At World Wildlife Fund, we believe deeply in the private sector’s ability to drive positive environmental change. WWF Sustainability Works is a forum for discussion around strategies, commitments, technologies and more that will help businesses achieve conservation goals that are good for the planet and their bottom lines. Follow WWF Sustainability Works on twitter at @WWFBetterBiz.

  • Date: 31 October 2023
  • Author: Matthew Slovik, Head of Global Sustainable Finance, Morgan Stanley

People and economies cannot thrive without nature, including the living and non-living components of the atmosphere, land, ocean and freshwater, and biodiversity, which is the variability of organisms within nature.

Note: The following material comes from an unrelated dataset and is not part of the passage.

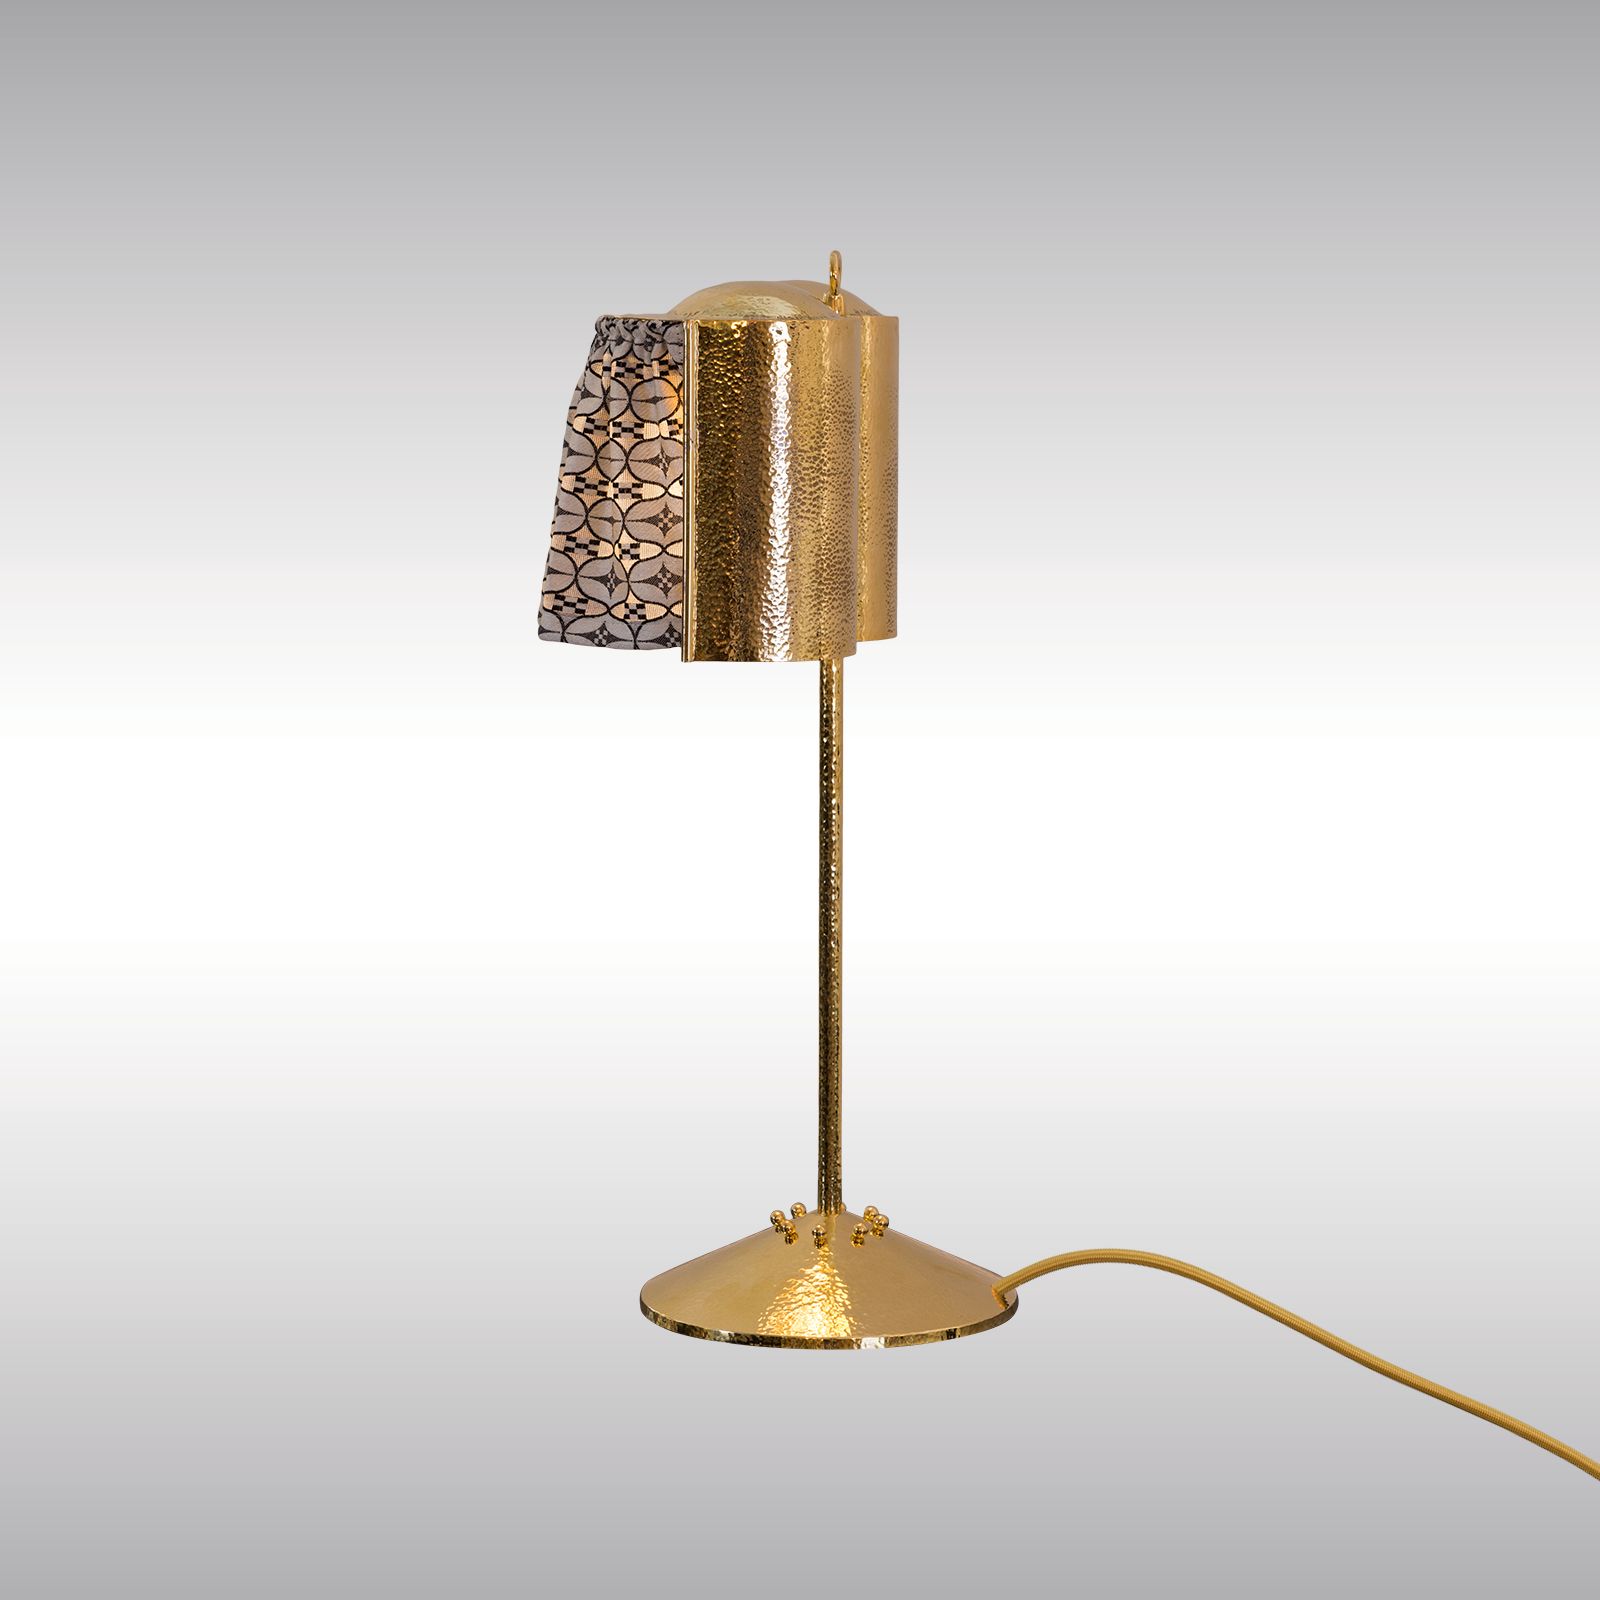 WOKA LAMPS VIENNA - OrderNr.: 22001|Josef Hoffmann and Wiener Werkstaette Desk Lamp - candle-holder - Design: Josef Hoffmann

Nature and its contributions to human wellbeing and quality of life generate more than $44 trillion in economic value—more than half of the world’s GDP.¹

Yet, for the past several decades, nature has experienced unprecedented degradation. Since 1970, wildlife populations have declined by an average of 69%.2 Today, more than one million plant and animal species are at risk of extinction.3 The potential loss of entire ecosystems, including wild pollinators, marine fisheries and timber from forests—just a fraction of nature’s ecosystem—could result in a $2.7 trillion decline in global GDP annually.4

With critical resources such as food and fresh water supply at risk, investment in nature may provide help to better protect societies and businesses from the collapse of ecosystems. In particular, some investors are especially keen to understand how their investments can be detrimental or positive for nature, in the same way that they assess holdings with respect to their impact on climate change and the transition to clean energy in their climate investing.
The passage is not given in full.